The tree-planting initiative would be funded out of a broader $3-billion climate fund. A Liberal document said the costs would be offset by the revenues from the Trans Mountain pipeline expansion project, which the government purchased for $4.5-billion.
Shane Moffatt, head of the nature and food campaign at Greenpeace Canada, said the Liberal’s tree-planting proposal is a step in the right direction, but it cannot be a substitute for continuing to take oil out of the ground.
“It’s not a consistent approach to simultaneously be planting trees and continuing with oil extraction at the level we’re seeing now," Mr. Moffatt said.

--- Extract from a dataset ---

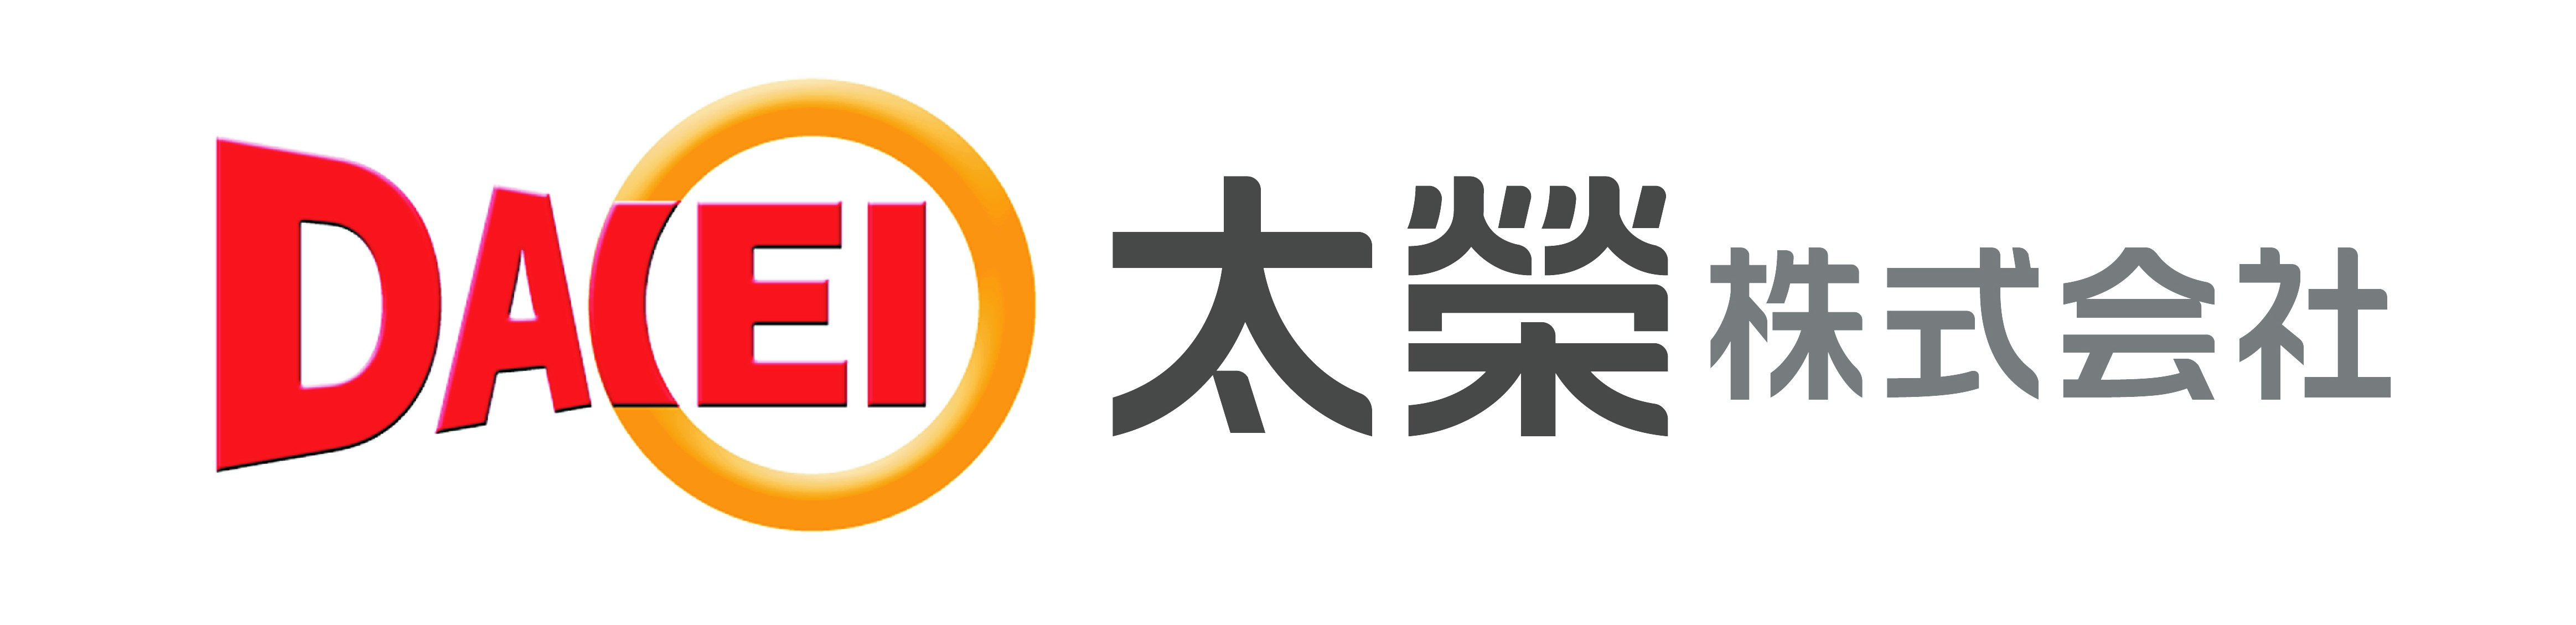 太榮株式会社ロゴ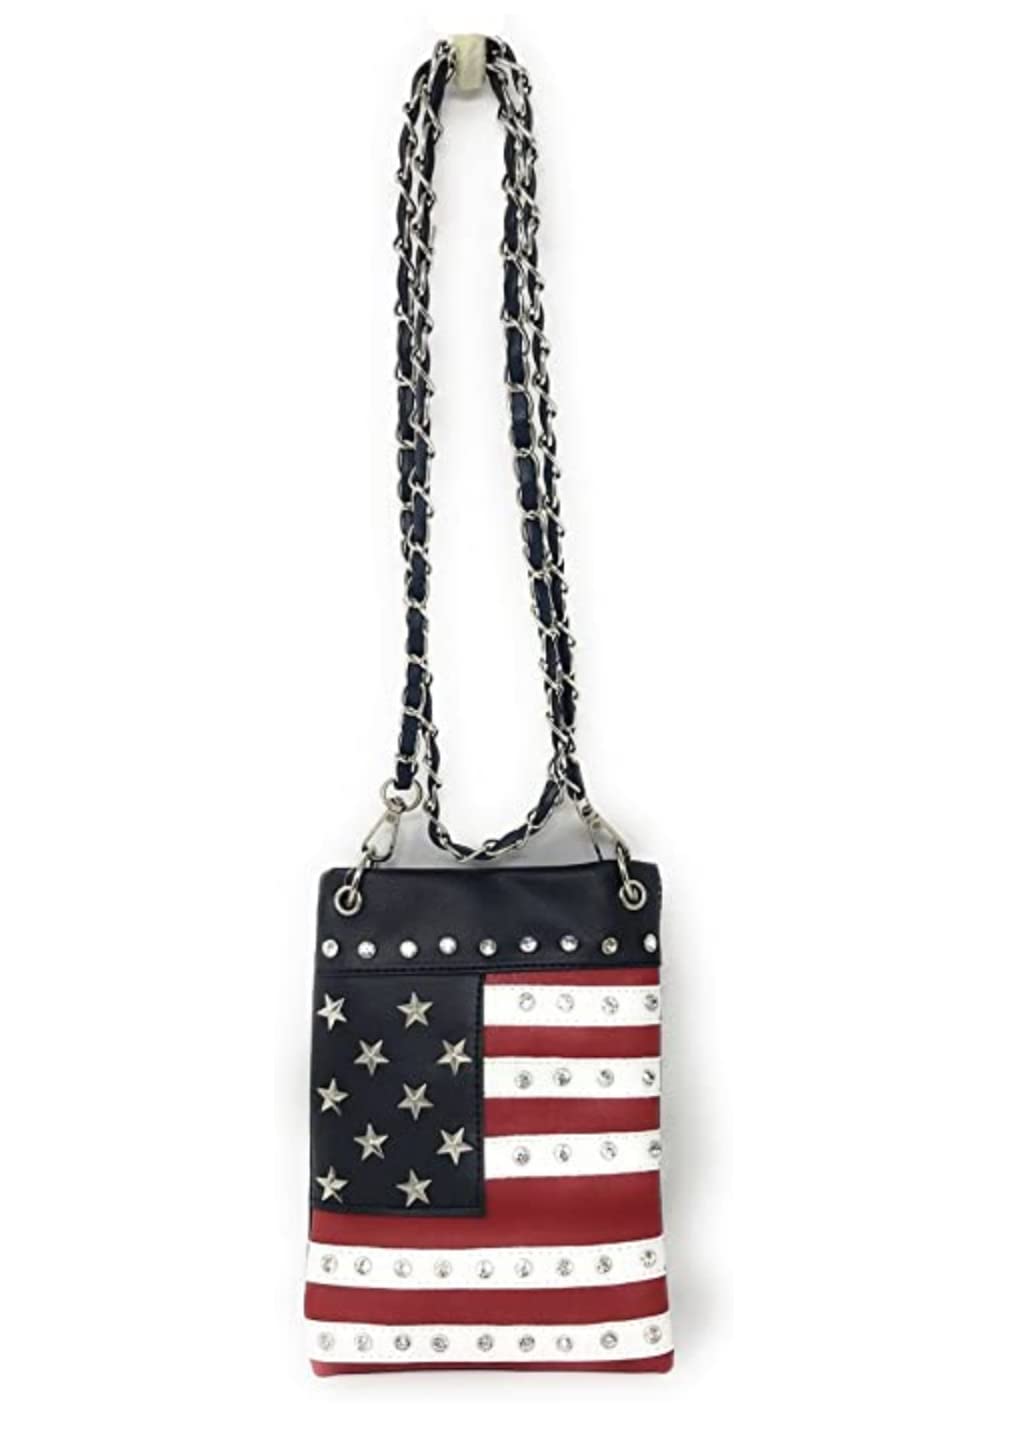 Premium American National Flag Rhinestone Concealed Carry Handbag, Messenger bag, Wallet in Multi Colors

Mr. Singh also made a climate-related announcement, telling reporters in Ladysmith, B.C., that the NDP would create a $40-million coastal-protection fund if it forms government. He said that the fund would protect salmon, improve Coast Guard equipment and training, and clean up abandoned vessels that pose a threat to Canada’s coastlines. He also reiterated his party’s plan to fight the Liberal government’s purchase of the Trans Mountain project.
“Instead of Mr. Trudeau, who likes to say pretty words before an election then buy a pipeline, or Mr. Scheer, who doesn’t believe that there even is a crisis, New Democrats are committed … to putting massive investments to fighting the climate crisis and protecting our coastline,” Mr. Singh said.